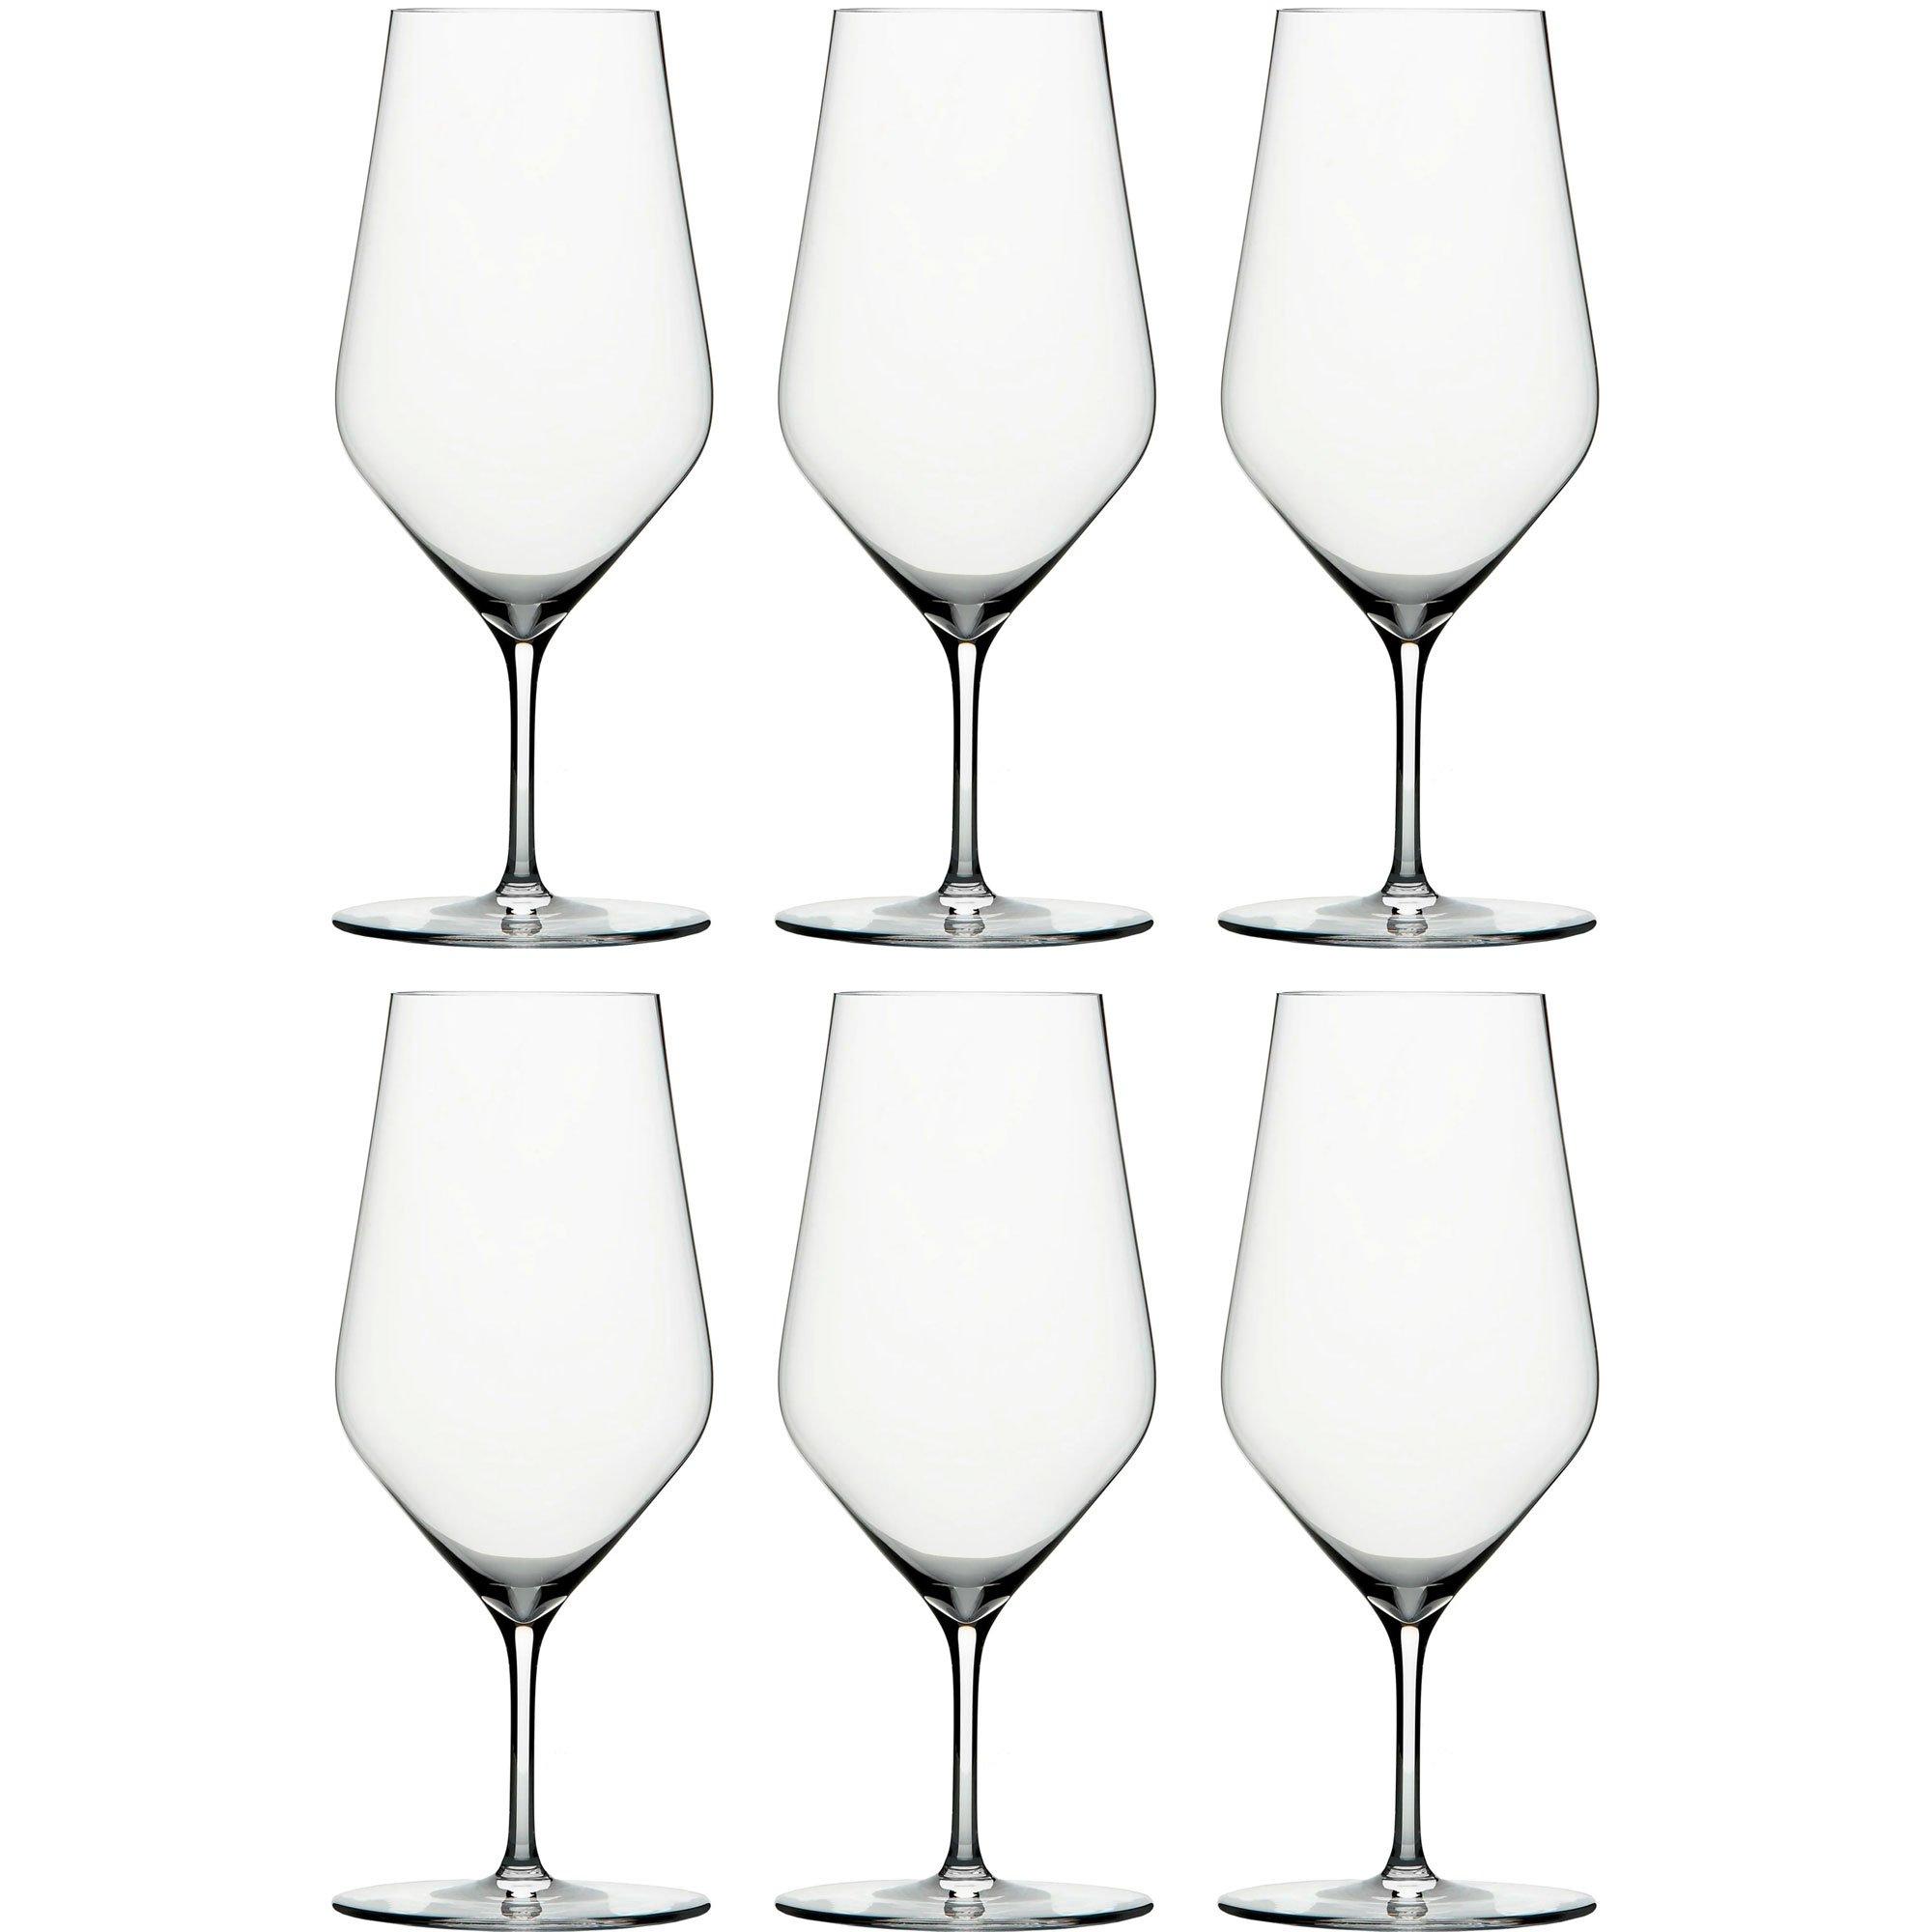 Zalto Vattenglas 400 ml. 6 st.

---

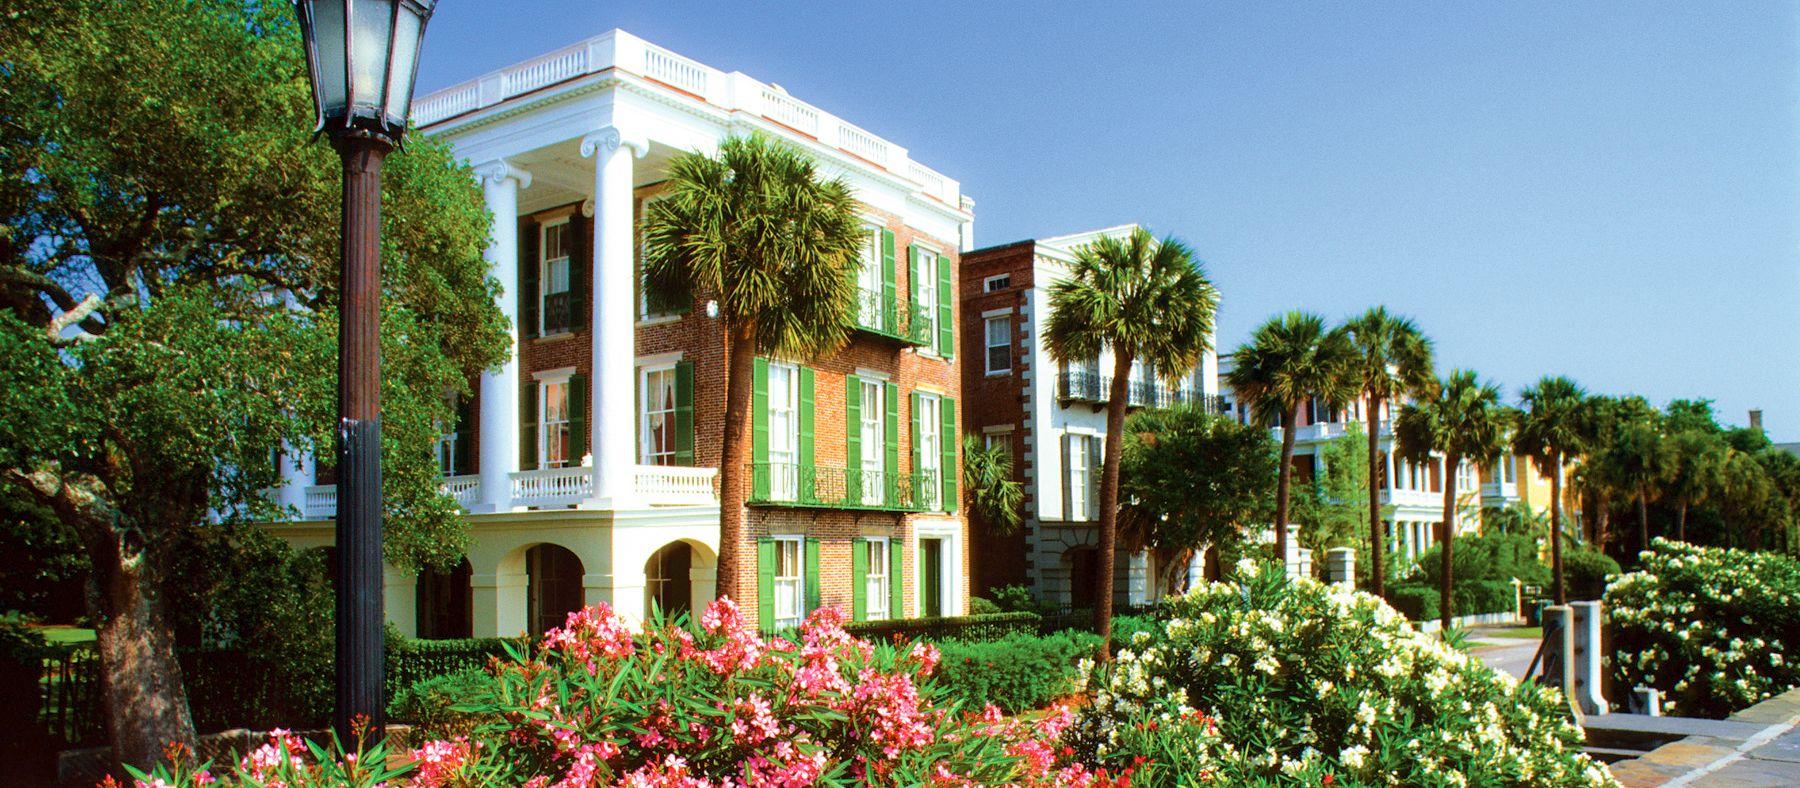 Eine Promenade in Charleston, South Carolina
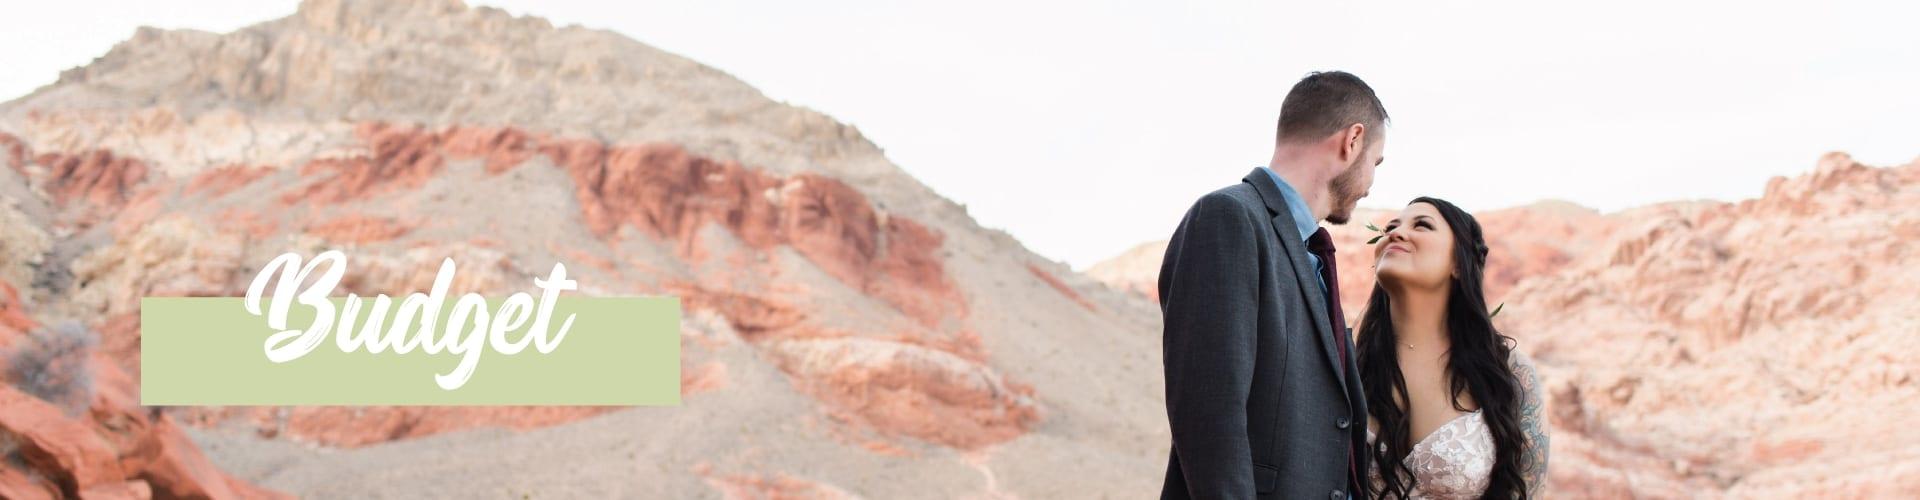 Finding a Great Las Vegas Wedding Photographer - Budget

» TASK DESCRIPTION
What lines above run from the one with "Eine Promenade in Charleston, South Carolina" to the one with "Finding a Great"? Give them again exactly, ends included, and leave the pictures out.

» WRITTEN RESPONSE
 Eine Promenade in Charleston, South Carolina
 Finding a Great Las Vegas Wedding Photographer - Budget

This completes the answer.